I hit some roadblocks in healthcare coverage. At first, this frustrated me, but now I am grateful that it gave me an extra month to pause and reflect before going ahead with the surgery plan I was given before my move. Coincidentally, my snake Kaa was also just diagnosed with an irreversible spinal condition, and I’ve been struggling with that as well. I’ll share more about that in another post soon.

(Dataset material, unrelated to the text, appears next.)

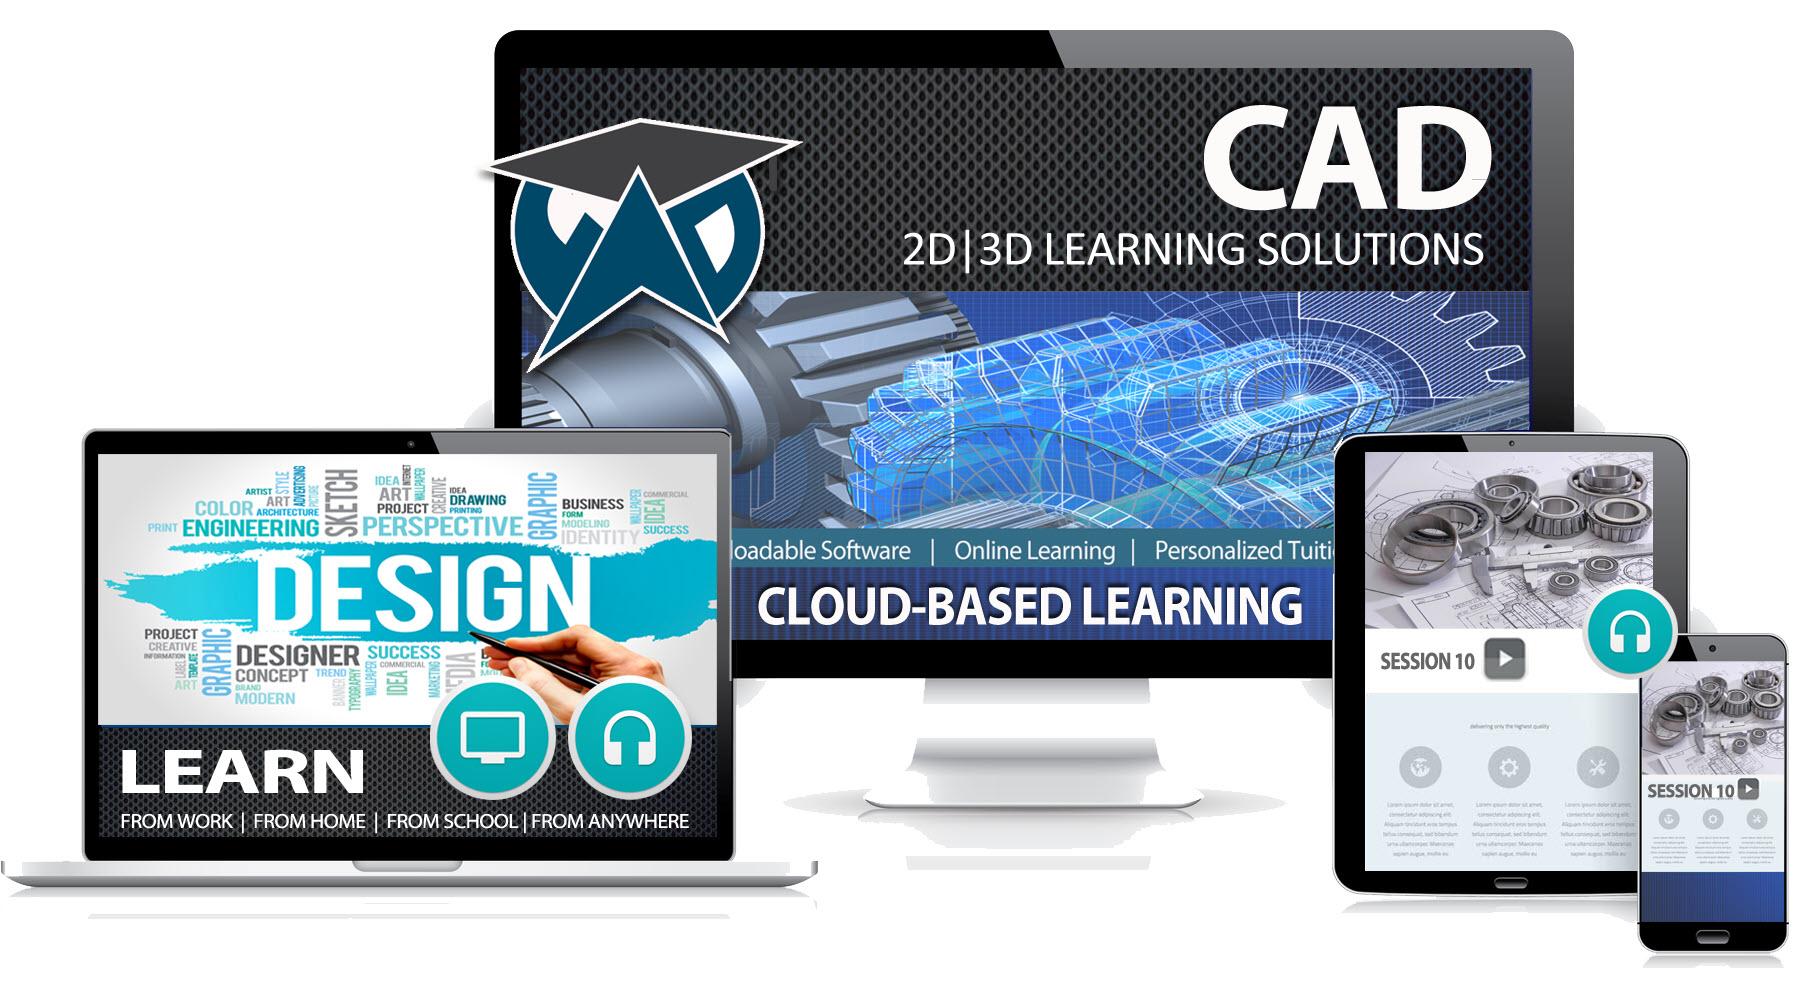 2021 CloudBasedLearning

It was fitting that I arrived here in June, as June was National Scoliosis Awareness Month. Since arriving here, I’ve been able to just be– not working, not traveling, or packing or moving. It has allowed me to reach a new level of awareness of my scoliosis and myself. On June 26, I was able to attend a Scoliosis Meetup in Manhattan, hosted by a fellow dancer with scoliosis! In the 27 years I’ve had this diagnosis, I’ve only ever organically come across one other person with the condition (“I have scoliosis,” – “Me, too!”). But here, I was in a room with 10+ other people with scoliosis, specifically to talk about it. Rather than it being the trait I hope no one notices, the trait of mine that is unseen and unimportant, it was the trait that was shared. Celebrated, even. It was surreal, in a great way.

📷 @bionic_ballerina

I was able to meet and speak with several women who had spinal fusion surgeries to correct their scoliosis. I spoke with a dancer and a physical therapist who have had spinal fusion surgeries, and both are thriving in their careers. Most people who have spinal fusion surgery are not fused to the pelvis, but I did speak with one woman who had the surgery that 5 out of the 6 surgeons I have met with recommended for me- fusing T2-pelvis. I also met and spoke with women who have not had spinal fusion surgery and are managing their pain in other ways, including a weight lifter and one of her training clients over 70 years young. Most importantly, I felt community. I felt accepted exactly as I am and supported in whichever choice I make from here.

The increased awareness I gained in June by engaging with the scoliosis community and hearing stories of life after spinal fusion surgery has been followed by increased contemplation in July about whether the surgery plan I was given is really right for me.

All the surgeons I met with in New Orleans encouraged me to have the surgery here in New York for 2 reasons- New York has the best spinal surgeons, and I have family support here. But New York also has many nonsurgical treatment options that were not available to me in New Orleans, and having the financial support of my family is allowing me the time and energy to explore those treatment options as if it’s my full-time job. Having my brother and sister-in-law with me daily as witnesses and emotional supports through this is a game-changer, and I’m so grateful to them.

I am thankful for having the time and space for my awareness to grow lately; to learn more about the surgery from people who have had it before moving ahead with it, and to have time to develop a daily movement routine that supports the body I have now and reduces my pain without medication.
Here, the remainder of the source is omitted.